I love newspapers. I just hate the hours.

And speaking of which, I guess I need to get back to work.
At one time I used to write 3/4, along with some part-time writing instruction. But after we opened our own business I said goodbye to that. Now I'm a very part-time writer. Currently, as I head toward the publication of two books, all my writing time is being used up with promotional work. Today it was designing a new bookmark, other days it's writing blogs, or creating workshops. Necessary, but not writing, and not as satisfying as writing, either. I'm trying to achieve better balance, and not letting this promo stuff consume quite so much time. But so far I haven't managed it.
I write full time, but it's because I'm too lazy to get a real job. Unlike I.J. my productivity has increased since I went full time. I can spend time on the promotion end of the business and still get half a days writing in. In today's market if you don't promote you're dead meat.
Actually if you don't develop a game plan to sell your product you're dead meat. The day of letting the publishers do all the heavy lifting is gone forever except for the pop stars. Writing full time gives me the luxury of testing markets, poking around and exploring to see what works and what doesn't. It gives me time to communicate with my readers and encourage them to spread the word. When I was working I was too busy being a suit to do any of that.
This may be true for your first book, but if you don't have a really terrific book, no amount of personal promotion will get those folks to buy # 2. Unfortunately, personal promotion doesn't make a dent into the problem when you're totally unknown.
I work full-time midnights and try to write part-time as much as possible, I hope to write full time some day...
I, too, write full-time. That is, when I can force myself to sit down and write. Between my books and my blog I do stay busy, but I still have not figured out how I was able to write as much as I do now as when I held a full-time job.
I write full time, but I'm a non-fiction writer with a two day gigs; one at a local news station writing about all the horrible things that happen every weekend (ugh) and the other writing medical news for another employer. I wish I could sell some of my fiction but no can do. I seem to be pigeon-holed as a non-fiction writer with a specialty in medical reporting.
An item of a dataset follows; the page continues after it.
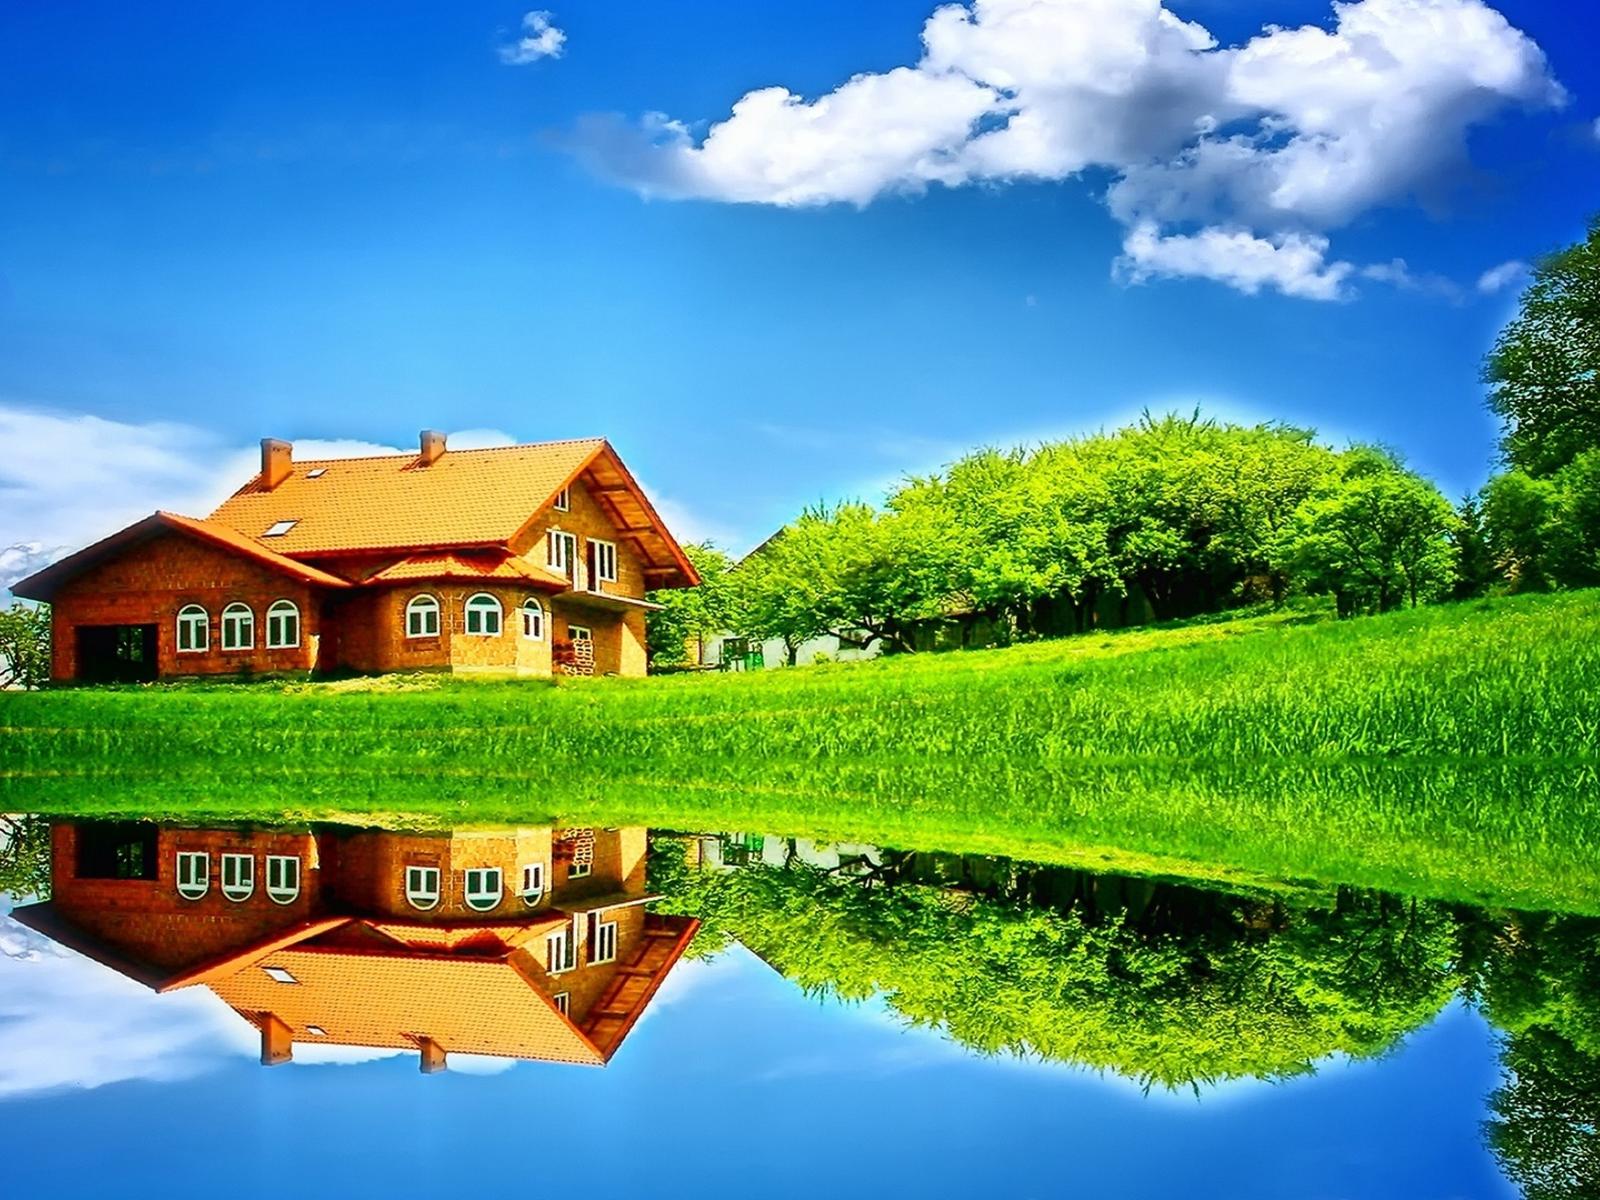 Wonderful house mirror in the lake summer day

Life could be worse, so I'm not complaining.
Hi Benjamin,

No, I have no outside job. I'm a full-time writer since 2000. And I'm lucky to do this. So my writing-day looks like the working-day in the past, no, it's harder. At 6'o clock in the morning I look at my mails, write till midday - short break - then writing till 16:00 h, if my husband comes back. ;-))
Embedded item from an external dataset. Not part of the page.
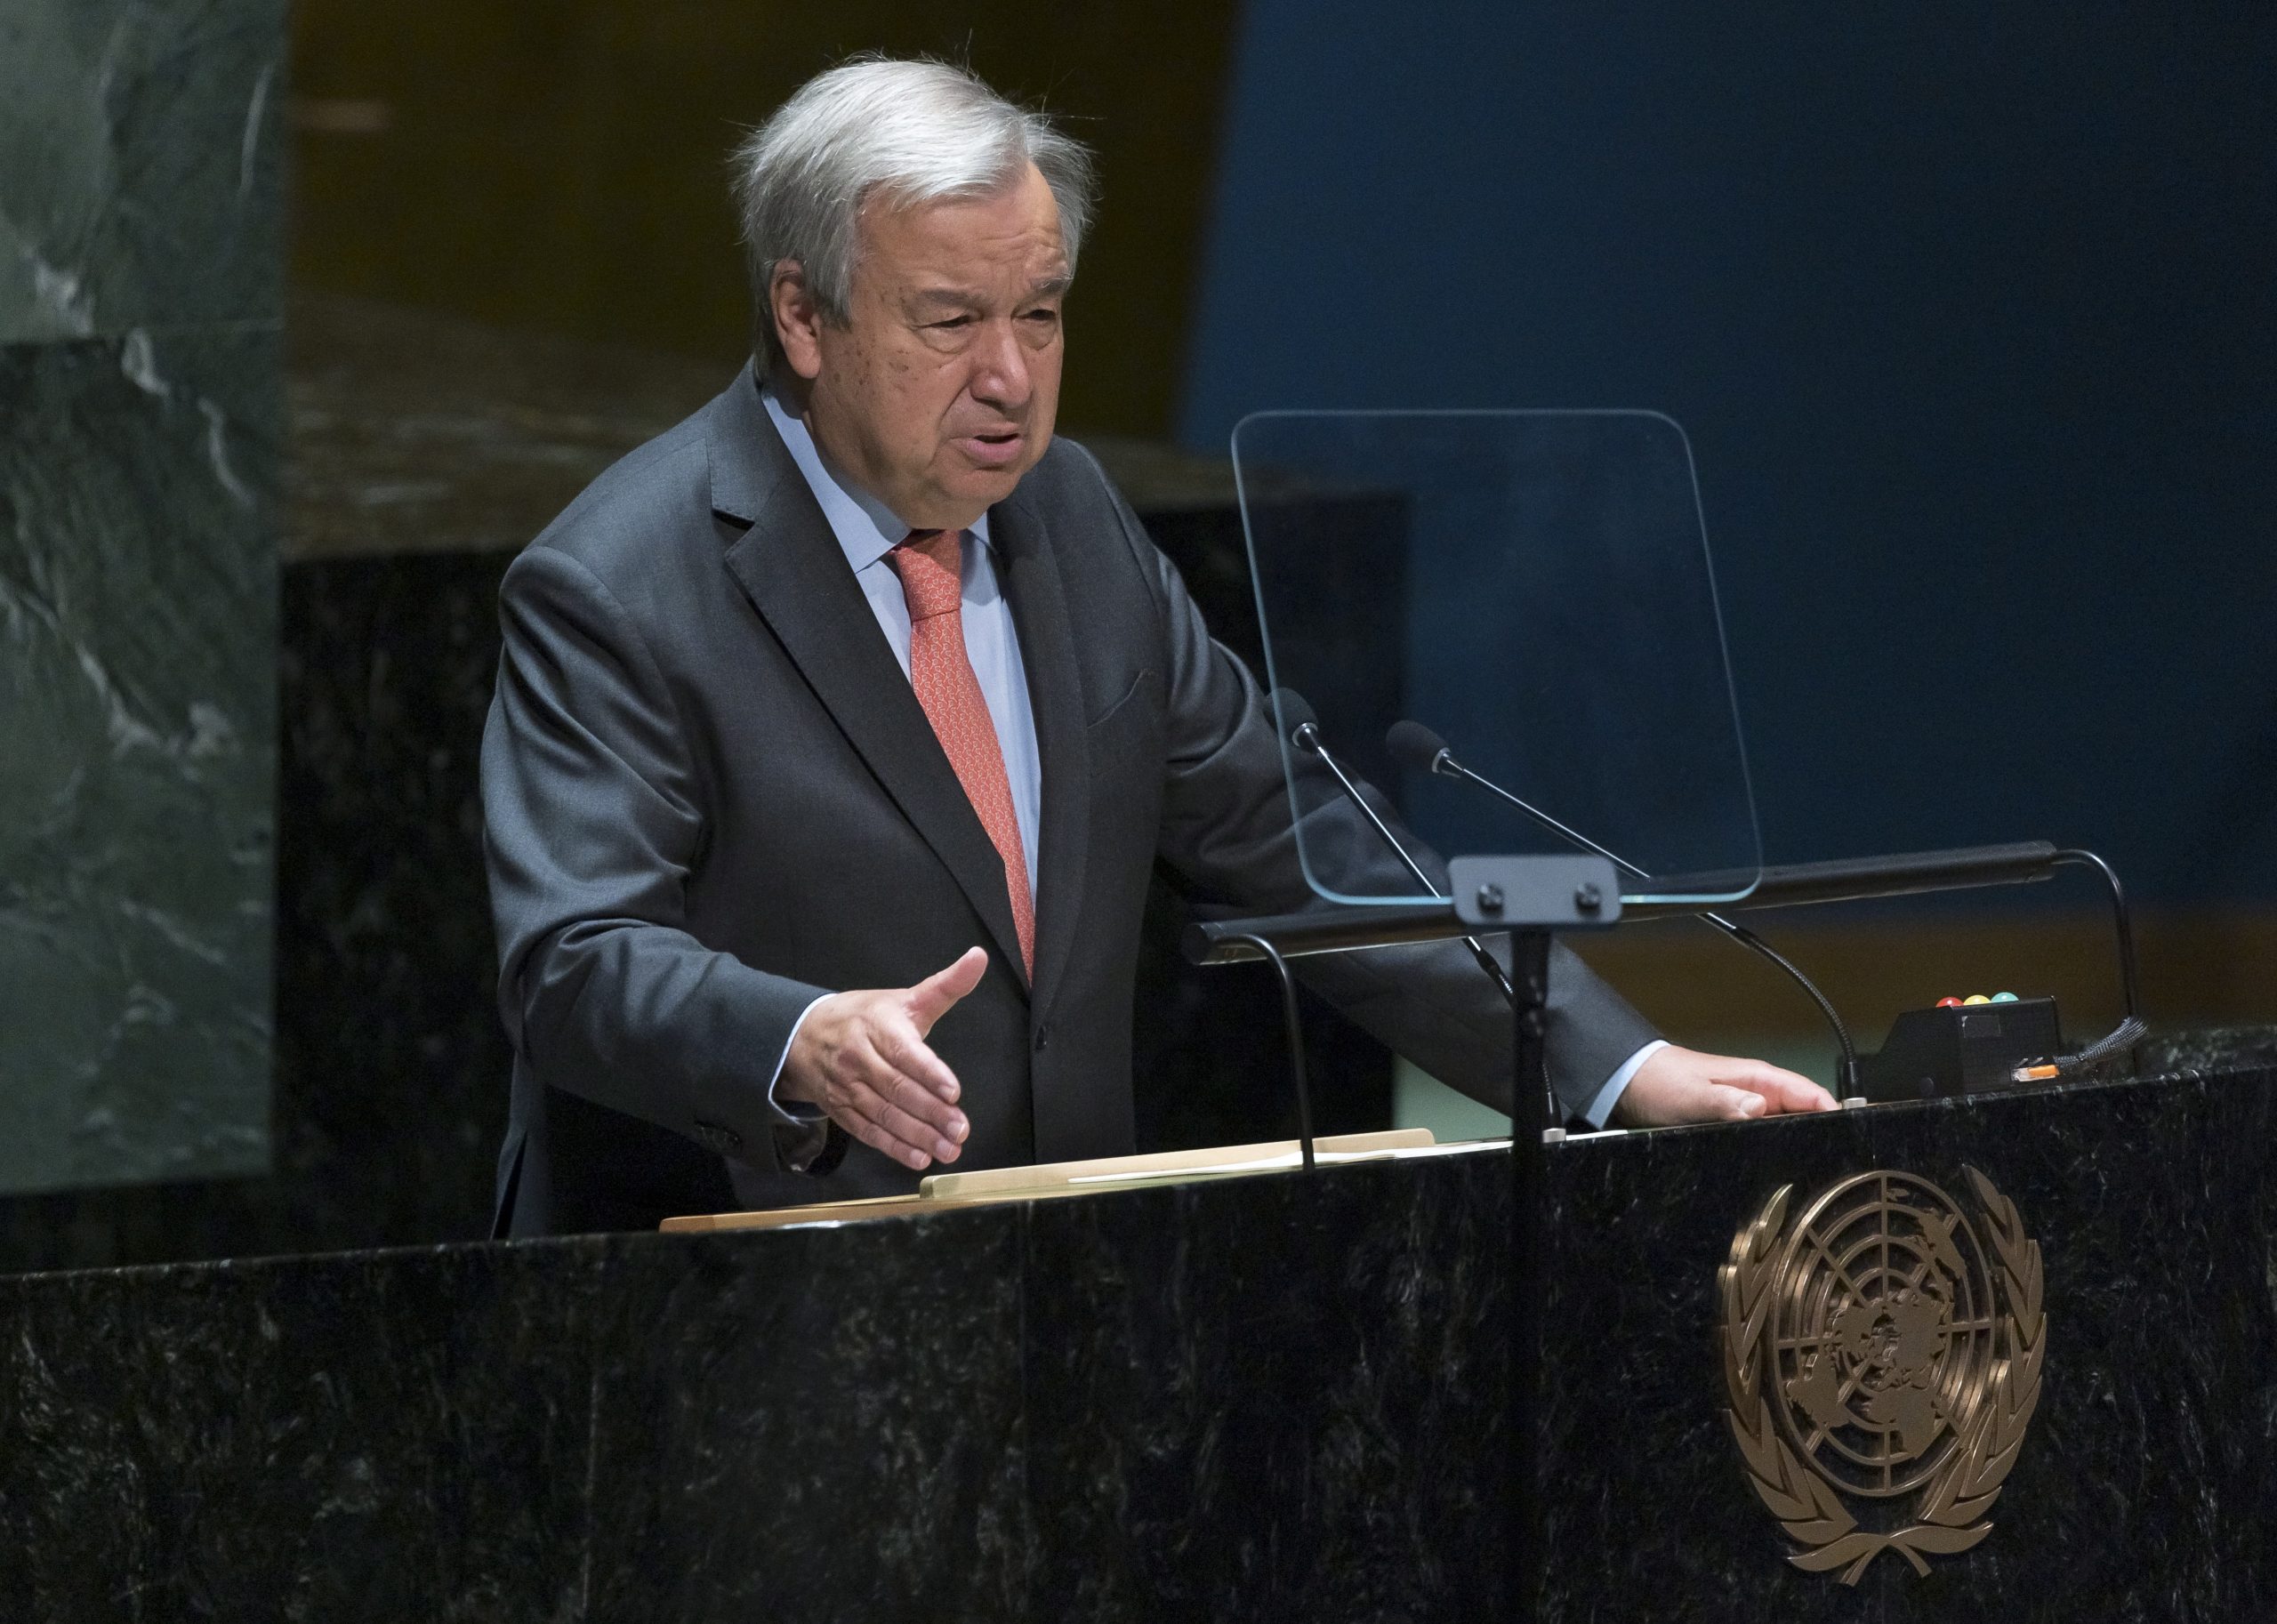 epa10101611 United Nations Secretary-General Antonio Guterres addresses the Tenth Review Conference of the Parties to the Treaty on the Non-Proliferation of Nuclear Weapons (NPT) at United Nations headquarters in New York, New York, USA, 01 August 2022. The NPT is an international treaty intended to prevent the spread of nuclear weapons and promote the safety of nuclear energy, with the long term objective of achieving complete disarmament.  EPA/JUSTIN LANE

Hope I've understand your question correctly.

best wishes
I shall hold my hand up to being a full-timer too. It's a strange way to make a living, just writing crime novels and nothing else, but it's better than some of the jobs I used to do...

But I had to quit my job at the sheriff's dept to take care of a dying father, then survive my sister poisoning me (cat flea medicine, don't trust it, folk. I'm one kidney down).

Yes, I love my freedom to write and I'm the envy of my writer's group, but at what cost?
The cost? Your kidney apparently. Sounds like you've got some character material, especially with your experience at the county.